In this talk, we discuss the problem of fair sparse regression on a biased dataset where bias depends upon a hidden binary attribute. The presence of a hidden attribute adds an extra layer of complexity to the problem by combining sparse regression and clustering with unknown binary labels. The corresponding optimization problem is combinatorial, but we propose a novel reformulation of it as an invex optimization problem. We show that the inclusion of the debiasing/fairness constraint in our model has no adverse effect on the performance. Rather, it enables the recovery of the hidden attribute. The support of our recovered regression parameter vector matches exactly with the true parameter vector.
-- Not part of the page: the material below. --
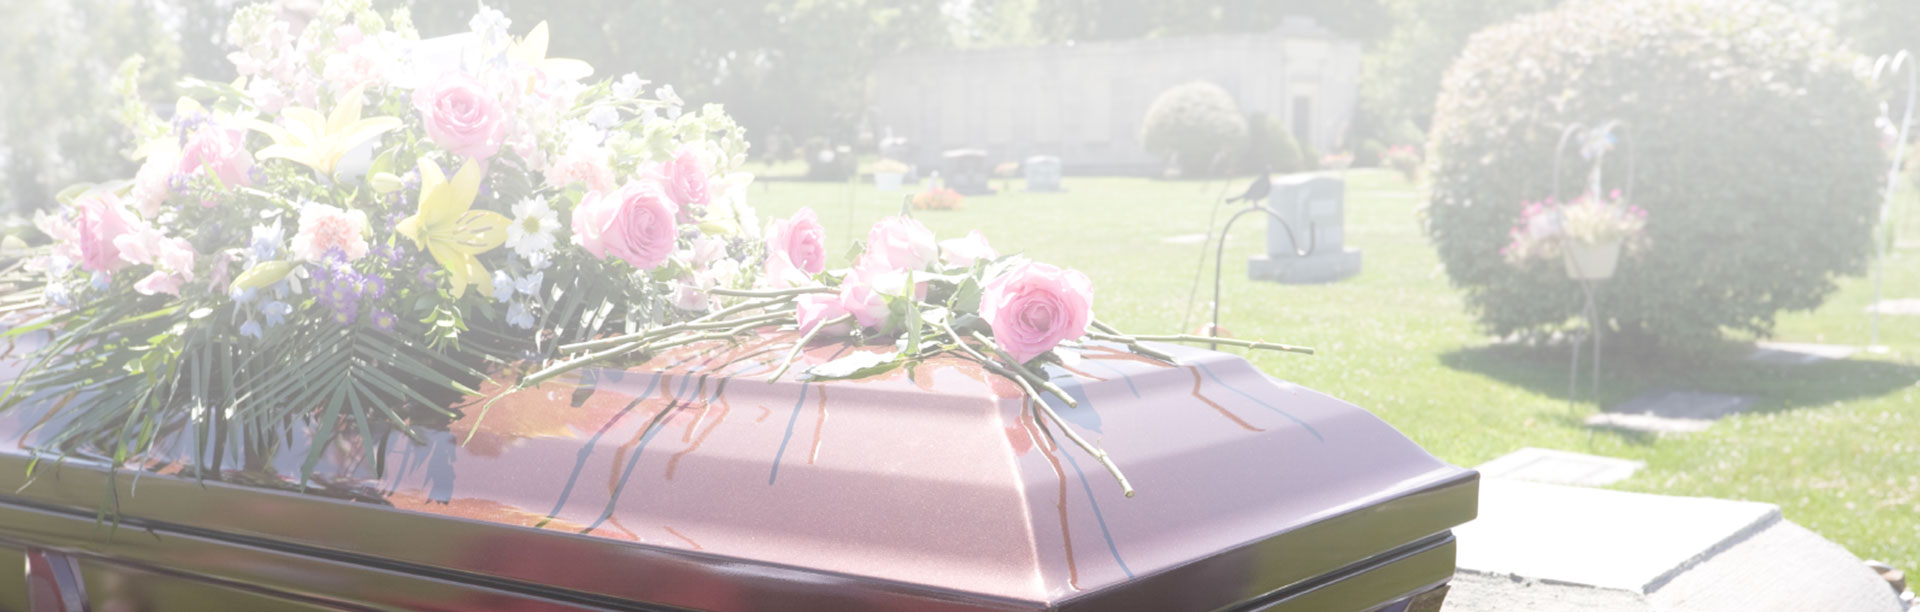 servicii funerare sector 4

Moreover, we simultaneously solve the clustering problem by recovering the exact value of the hidden attribute for each sample. Our method uses carefully constructed primal-dual witnesses to provide theoretical guarantees for the combinatorial problem. We show that the sample complexity of our method is logarithmic in terms of the dimension of the regression parameter vector.
Short Bio:
Adarsh Barik is a postdoc at the Institute of Data Science at the National University of Singapore. He did his PhD in Computer Science at Purdue University and his undergrad at IIT Madras before that. His research interests are broadly in theoretical and computational aspects of optimization, machine learning, information theory, and high-dimensional data analysis.